Race Man Jim Travers and the Traco Dynasty
“To say that he was one of the best in his chosen field would explain Jim Travers about as adequately as saying Bob Hope was a good song and dance man.”
Being a combination of its founders’ surnames, [Jim] Travers and [Frank] Coon, Traco could just as easily have been named Contra. And “contra” was much that the two erstwhile dry lakes competitors and early flathead Ford V-8 adopters brought to the table when they joined forces in 1956. They built an enduring company and an enduring friendship, bolting together winning race engines for major race teams throughout the 1970s. Their shop on Thunder Alley (aka West Jefferson Boulevard in Culver City, California) was near those of Dick Guldstrand, James Garner, and Lance Reventlow (formerly Jim Nairn’s) along with Iskenderian and Edelbrock. Heavy hitters all of them. The general public may not have known Traco but in the professional go-fast community—USRRC, Can Am, Trans Am, Pikes Peak, Worlds Manufacturers Championship—the firm had a legendary reputation and in 2010 Travers and Coon (both born in 1920 but Coon died in 1997) were inducted into the Indianapolis Hall of Fame.
That this long-overdue story is now being told in such detail is in no small measure to author Gordon Chance being both an insider and cut of a similar cloth. At 17 he started tuning Weber carbs for Maserati of Beverly Hills (which he did so well he earned the handle “the teen tuner”), helped build a Birdcage Maserati for Bill Krause, tuned Ferraris for Bill Harrah, and then built a Chrysler Hemi-powered sports racer for John Mecoms’ racing operation. It is here that he crossed paths with Jim Travers, which would lead to working at Traco 1965–68, briefly interrupted by a stint on Carroll Shelby’s GT-40 program. An engine guy telling another engine guy’s story.
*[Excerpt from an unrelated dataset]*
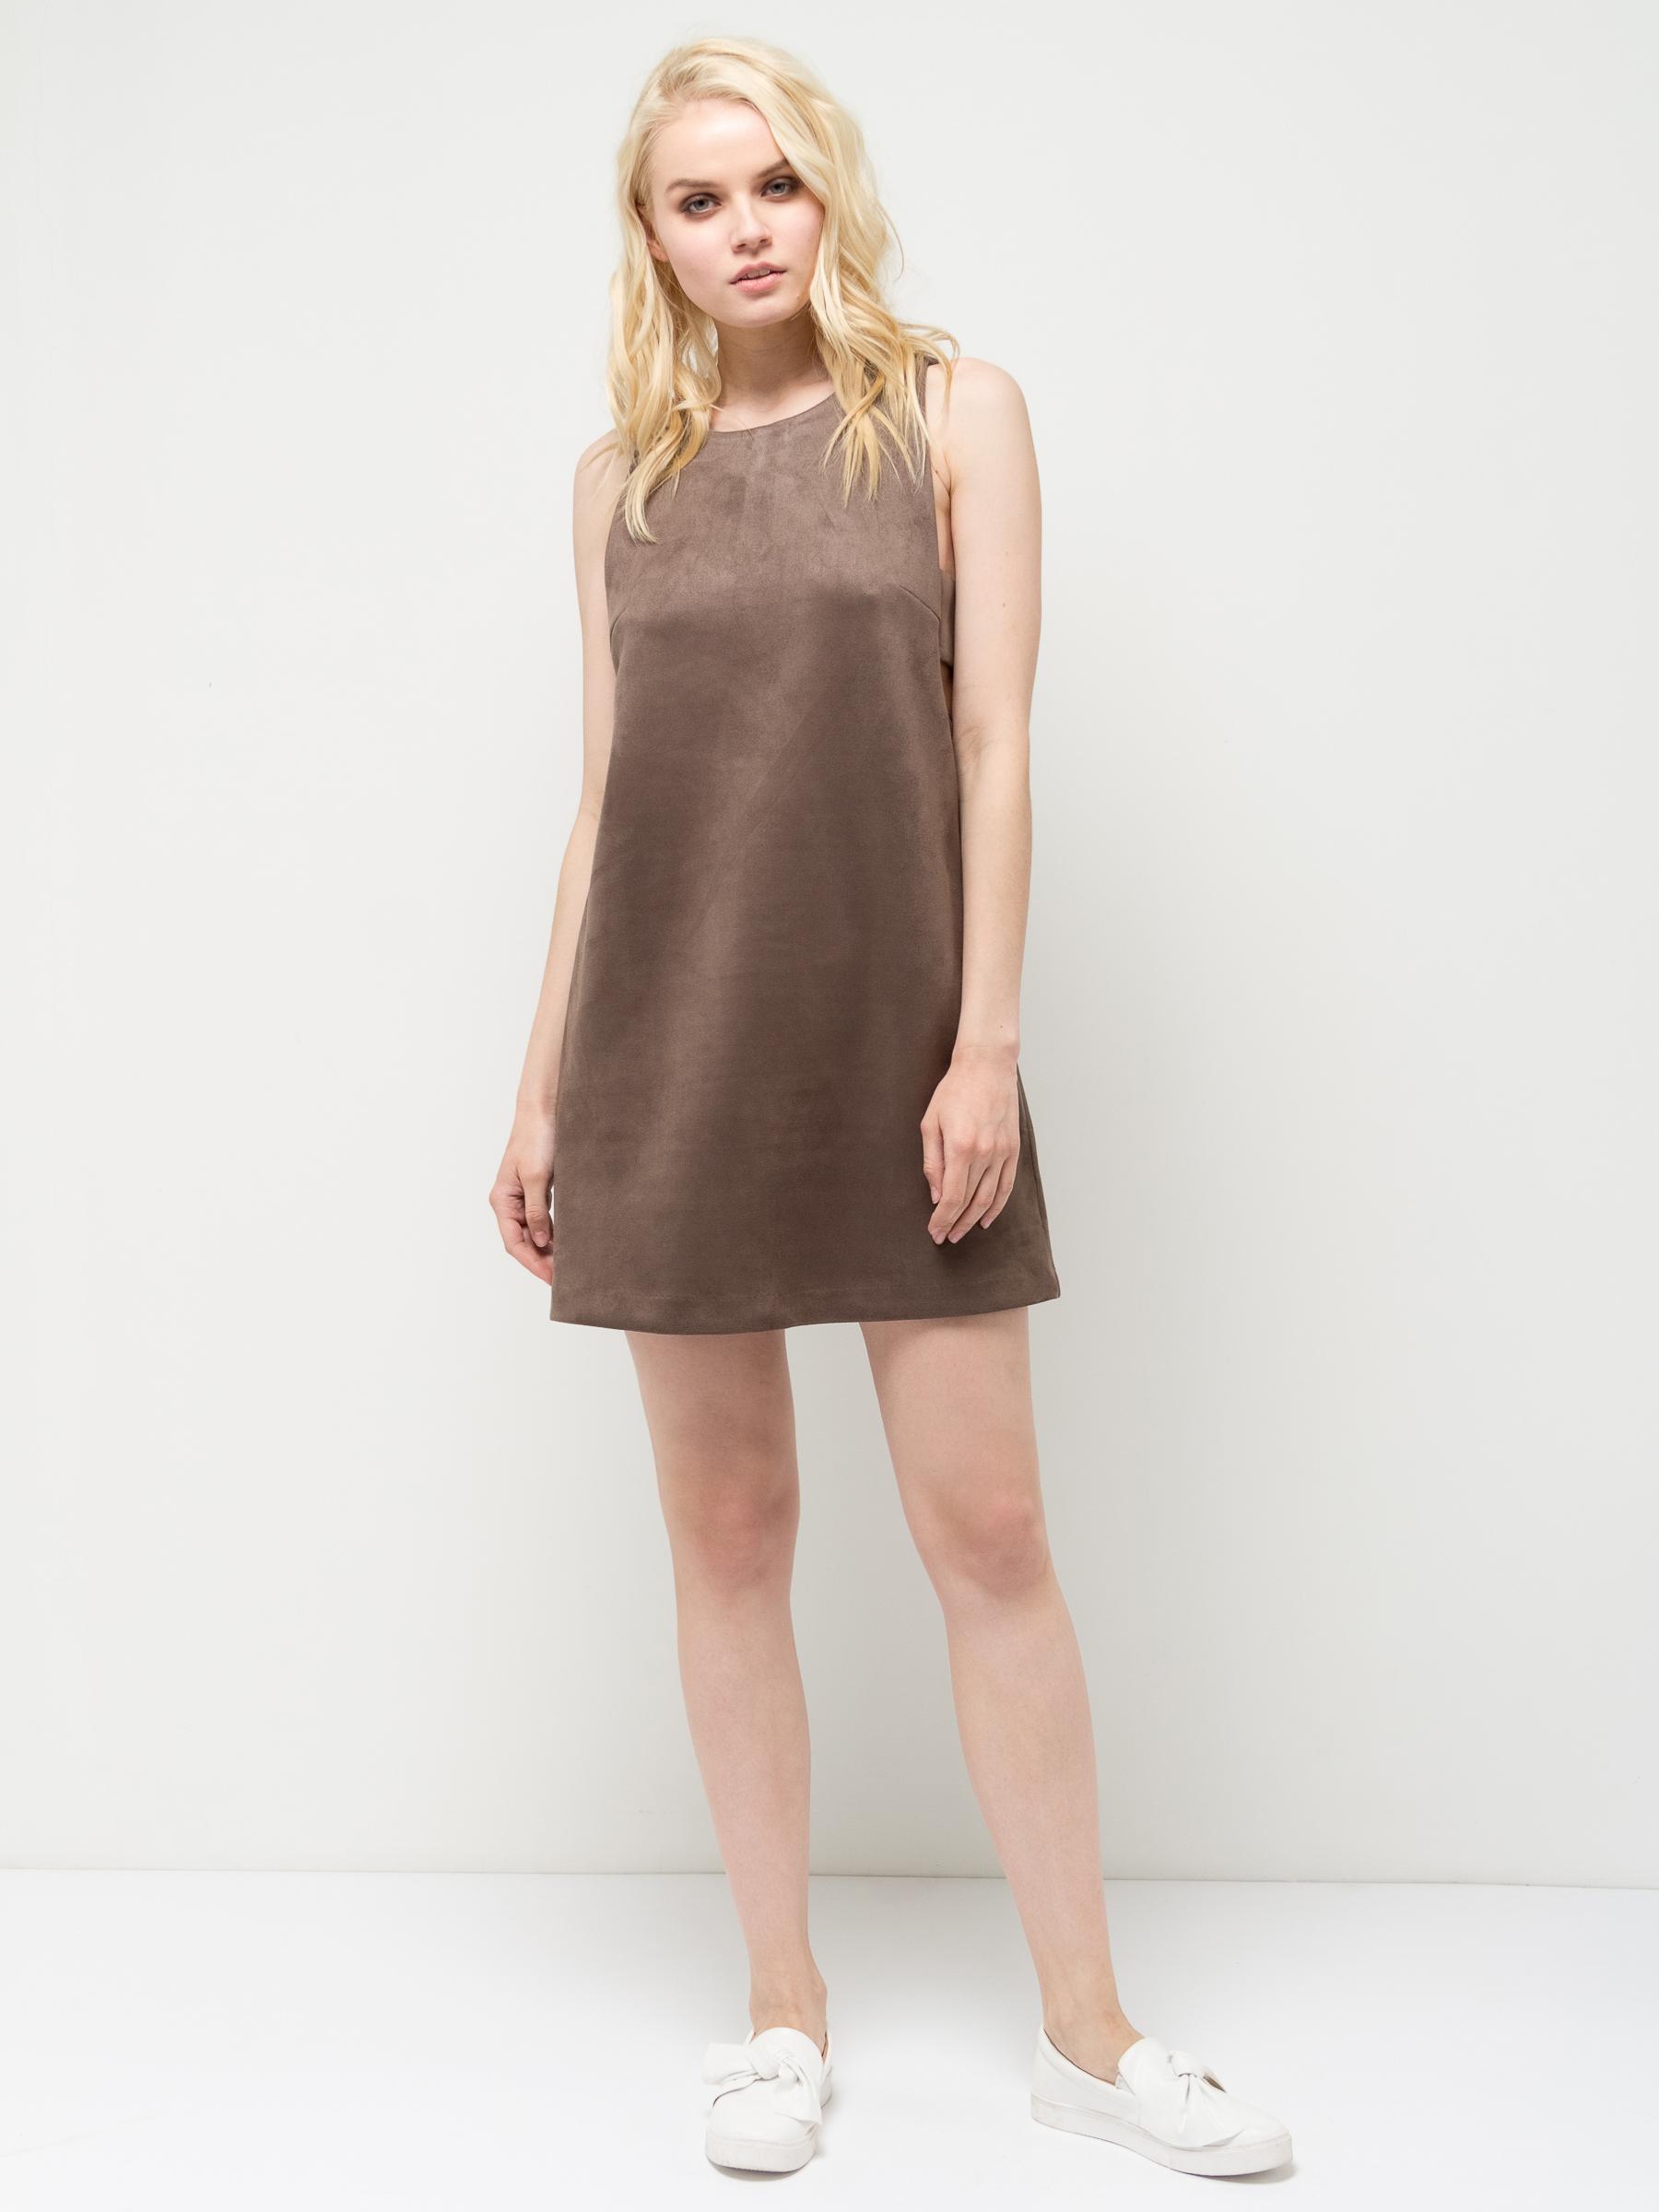 Платье Sela, цвет: серо-коричневый. Dksl-317/1147-7112. Размер M (46)Dksl-317/1147-7112Оригинальное женское платье-сарафан Sela выполнено из качественного трикотажа. Модель А-силуэта с круглым вырезом горловины застегивается на короткую металлическую молнию на спинке. Глубокие проймы дополнены широкими текстильными полосками. Платье мини-длины можно комбинировать с блузами и рубашками, благодаря чему оно подойдет не только для прогулок и дружеских встреч, но и для офиса. Мягкая ткань на основе полиэстера и эластана комфортна и приятна на ощупь.

In the Preface Chance points out that one single book hardly suffices to do the Traco story justice because the firm rose to become probably the largest supplier of racing engines in the world. Chance therefore does not attempt a forensic blow-by-blow account of the Traco universe but concentrates on painting a picture of Travers the man. Which is why the book comes with this disclaimer: “The use of coarse language, ethnic, racial or social political reference is presented as authentic to the racing scene of the period . . .” But, really, forget the racing scene. Recall the era: beatniks advocating flower power and burning draft cards to make love not war. To some a noble cause but to Travers—and many of his generation—nothing but “communist hippie bastards.” So, cover the children’s ears.
Three brief Forewords (by Chuck Cantwell, Stewart Van Dyne, Phil Remington) zeroing in on Travers precede one longish one by Peter Brock who offers an appreciation of Chance’s many accomplishments. As Brock notes, “Chance’s narrative has the raw reality of truth, He’s one of the few racers remaining that were there when the great events of that period happened, but more importantly he had the insight to keep accurate notes, knowing that some day others might want to understand what really occurred and why.”
The book is self-published and has a bit of a homespun flavor in regards to layout and style, not at all out of place in this particular case. There are as many pronouncements of fact and data as there are innuendo and random banter—and all are probably good for a lot of spirited discussion. Chance himself says, “I write this book as a mechanic and a friend, not a journalist.” But therein lies its relevance as a personal and also a historical record. It is a labor of, and out of love—definitely something that may make men of a certain generation skittish. This is a book you’ll absolutely want to read if you want a really close-up, unvarnished look behind the curtain.
The book is also available signed by the author with a certificate of authenticity for $80 and a very small number of copies at $150 are signed by Jim Travers. Signed artwork by either or both are available at the publisher’s website.
If you are a gearhead and know race shops, don’t confuse the old TRACO with the current TRA-CO—founded by ex-Traco man Jim Jones—which builds NASCAR racing engines in North Carolina.